Residents of quiet 74th St., a few blocks from the Narrows in Bay Ridge, have been waking to the quaking of their homes lately as heavy machinery rolls in.
Repairs to step street at 74th St. and Colonial Road in Bay Ridge have delighted tenants, though they must endure intrusion of heavy machinery.
It is the start of a major project to replace the unusual step street linking Ridge Blvd. and Colonial Road at 74th St., as well as repair the street’s sewers and water mains.
“Let’s face it, it has to be done,” said Blanca Ortiz of 115 74th St.
But that doesn’t mean she enjoys it. “I’m in bed this morning and the bed, along with the house, was shaking,” Ortiz said.
She quickly called Janet Richichi, community construction liaison from the city Department of Design and Construction.
“I told her that I hope our houses don’t develop cracks because of the pounding,” Ortiz said. “She told me that she’d consulted with the engineers and that they’re not supposed to pound beyond a certain degree so as to not cause any damage.
“It’s an inconvenience, and the noise, but it has to be done.”
The consolation for the neighborhood is that its unusual public steps finally will be repaired.
Assemblywoman Joan Millman (D-Bay Ridge) secured the $300,000 that Community Board 10 officials told her in 1997 it would cost to fix the steps.
“In my enthusiasm and my naiveté about how these things work, I thought it was going to happen, like, right away,” Millman said.
When city officials inspected the project, they found that the sewers and water mains needed total reconstruction along with the stairway. It took the intervening four years to get the $786,000 estimated cost for the project into the budget, with the city Department of Environmental Protection picking up the tab for the remainder of the project.
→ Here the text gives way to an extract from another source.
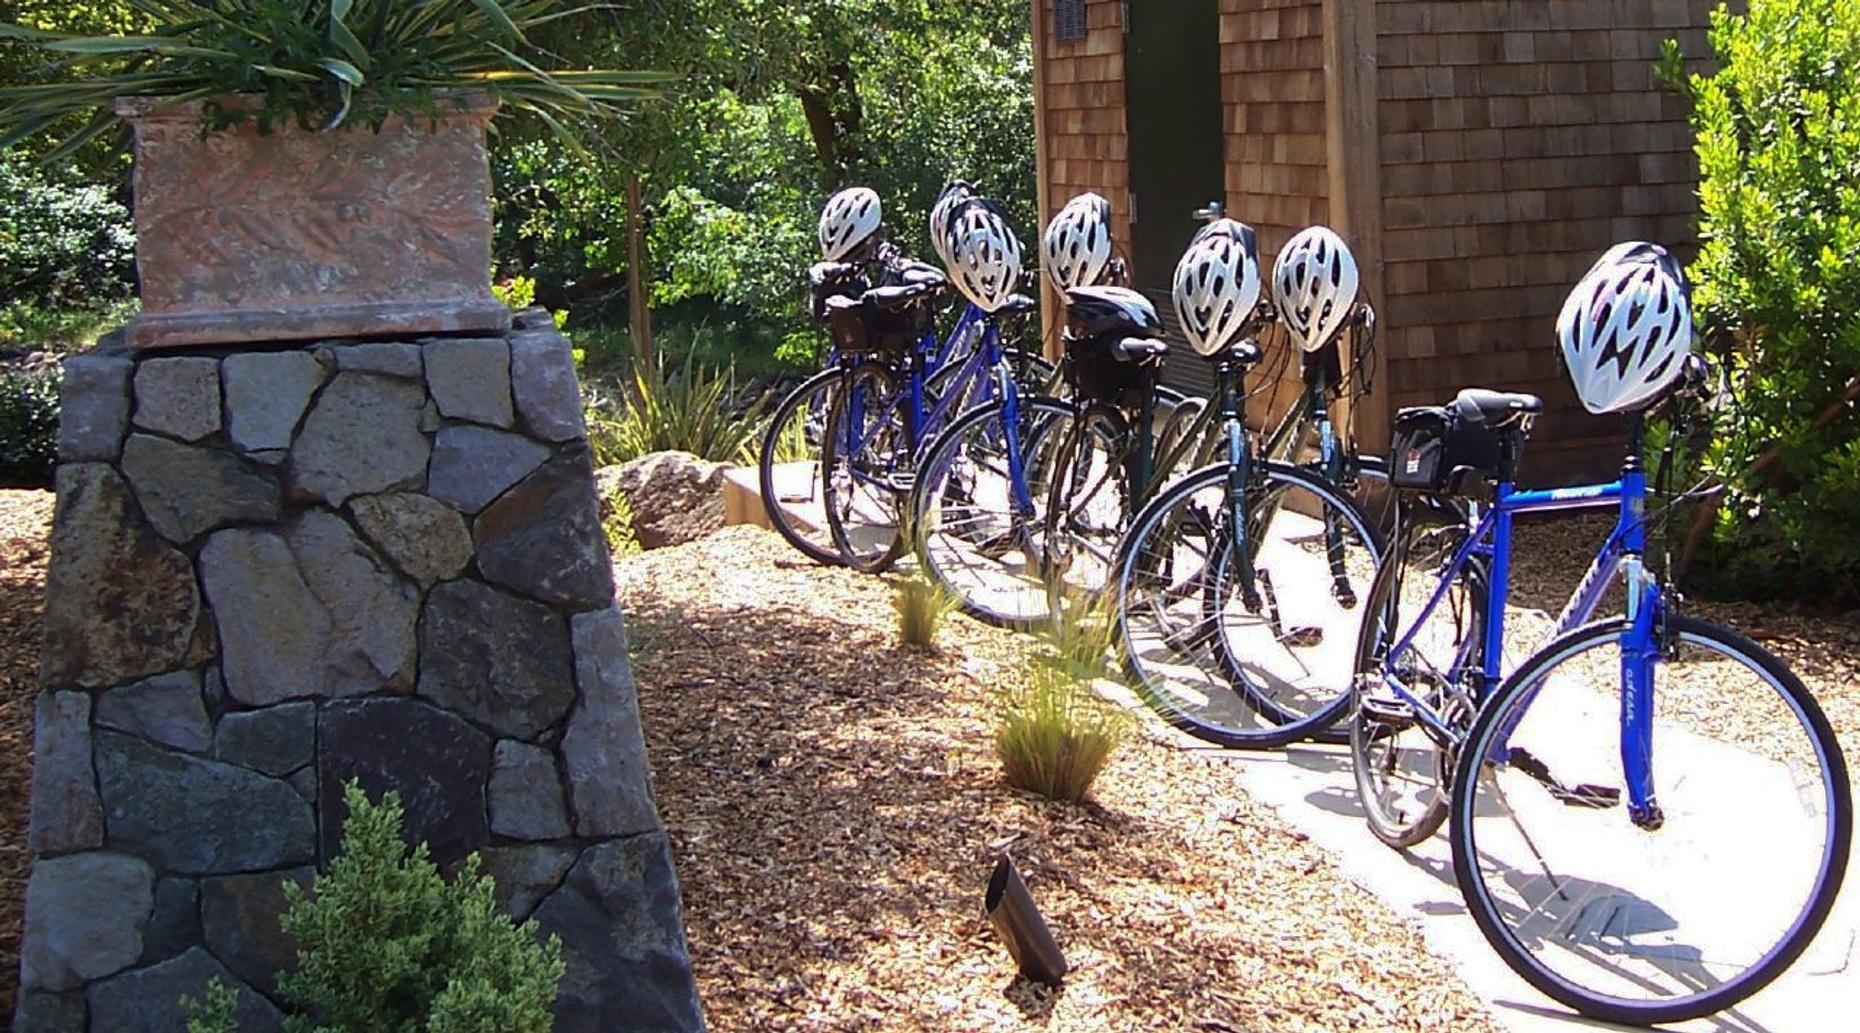 Pennington Scenic & Private Bike Tour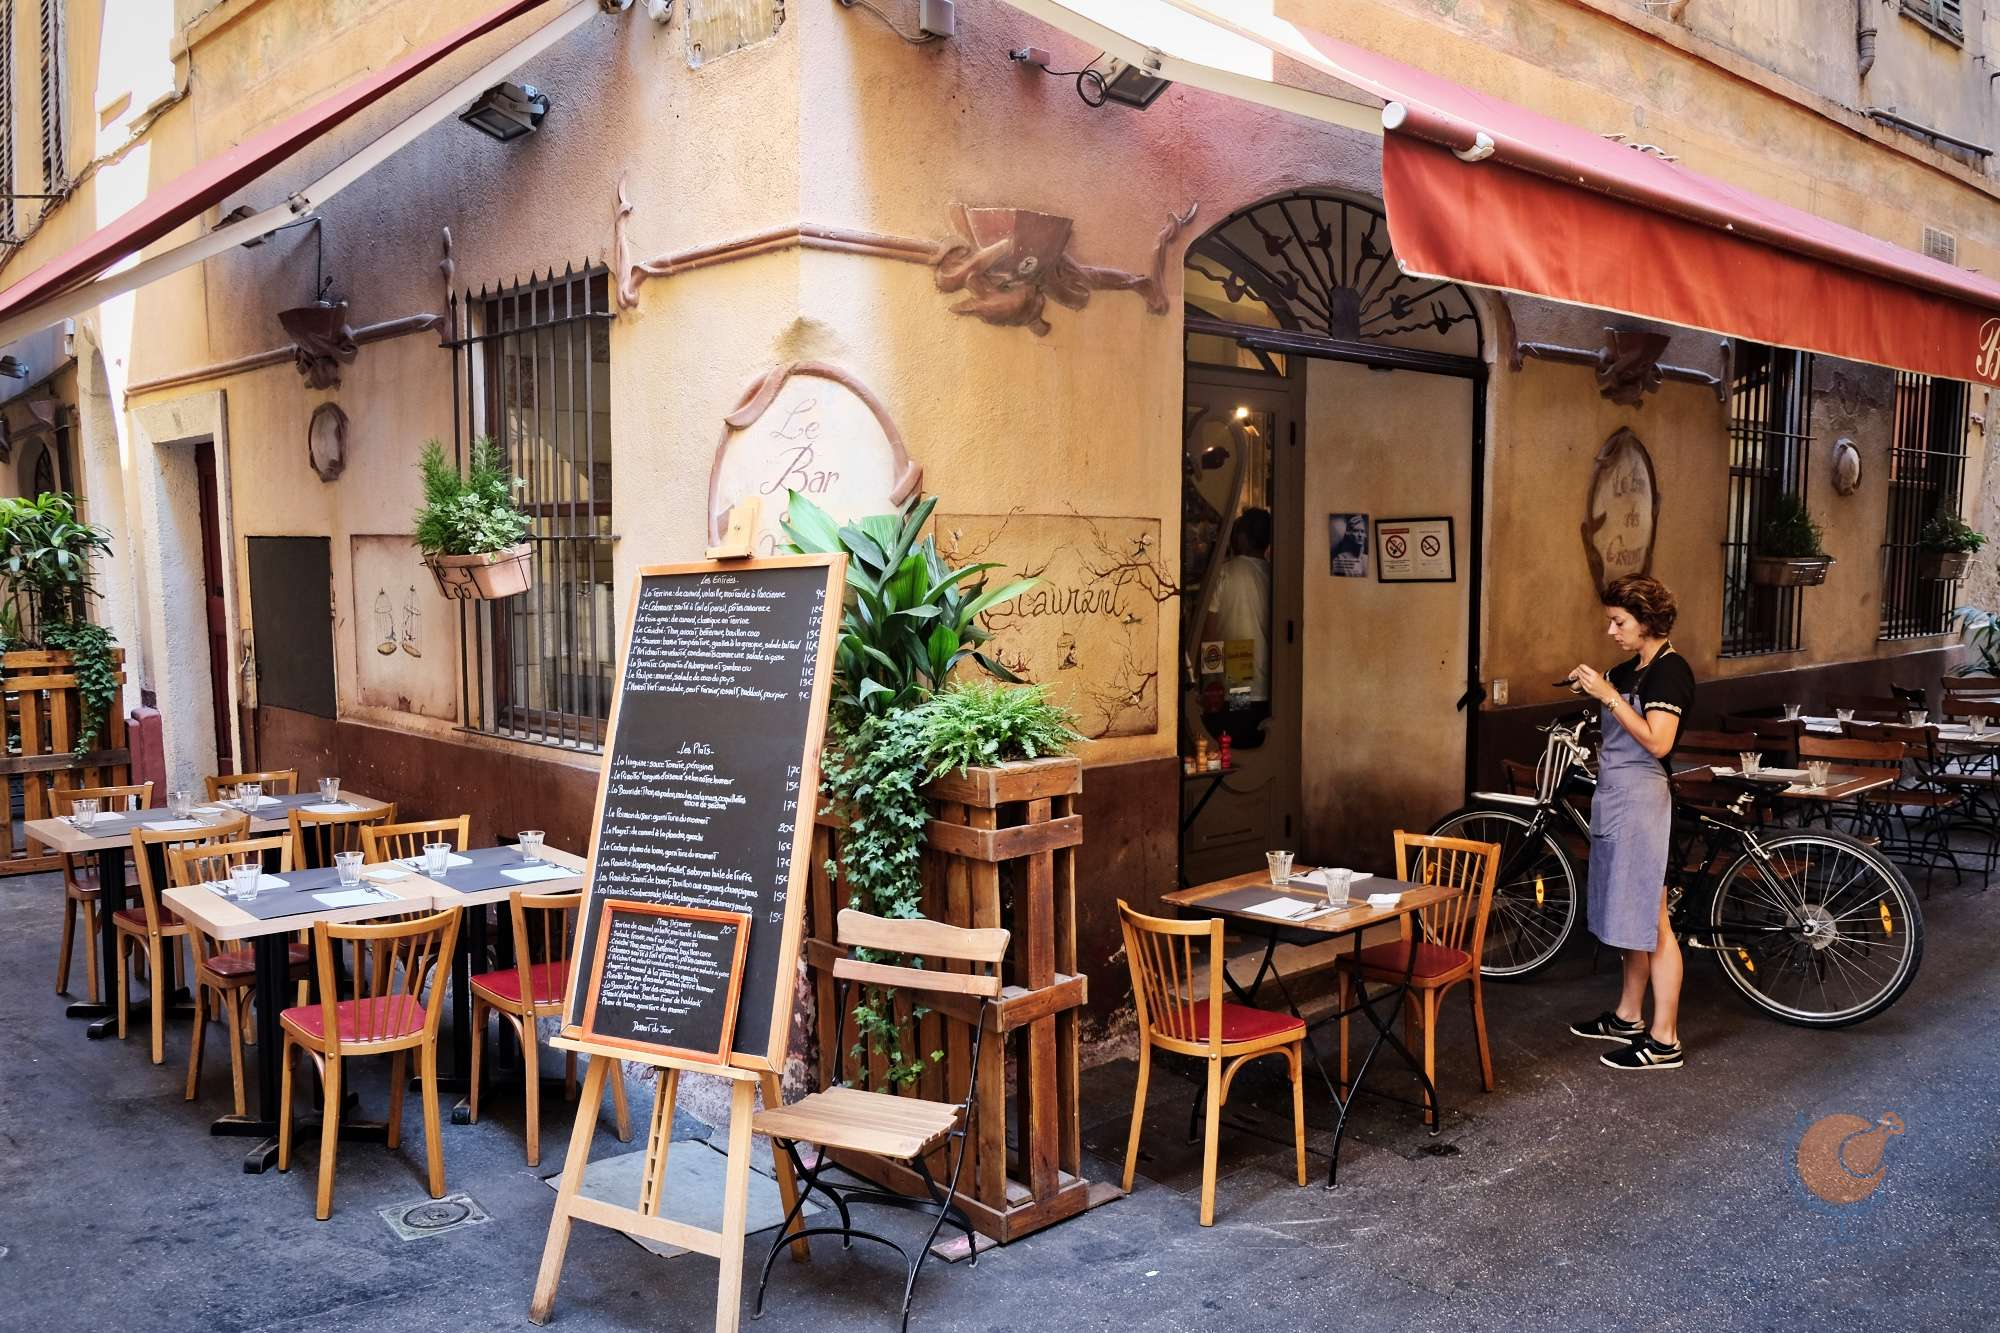 dscf1421_bar_des_oiseaux_restaurant_france_nice_nizza_vilagevo_jokuti_andras_l_w.jpg

City Design and Construction Department Deputy Commissioner Matthew Monahan said the street above and below the steps would have 600 new feet of curb, three fire hydrants and five catch basins to draw off rainwater, along with the new steps, sewer and water main, when the project is completed in July.
The repairs were long overdue, said Steve Harrison, chairman of Community Board 10. “The steps are unsafe,” he said.
“That they are fixing them is something that makes us ecstatic.”
Step streets are more common in the Bronx, but Brooklyn, being part of Long Island, is flatter. Harrison believes only two such street steps exist in the borough, the set under reconstruction and another set on 76th St.
Marylou Notaro of 145 74th St., who has lived in the neighborhood for 15 years, praised the city workers doing the job but said she was concerned about what would happen to a community garden on either side of the steps.
“About 10 years ago, we turned an area that was a dumping ground into a beautiful garden, and people from all around the neighborhood came to admire the roses and the tulips and the daffodils,” Notaro said.
“I’m hopeful that after the construction is done, we can restore the garden to the beautiful garden that it once was.”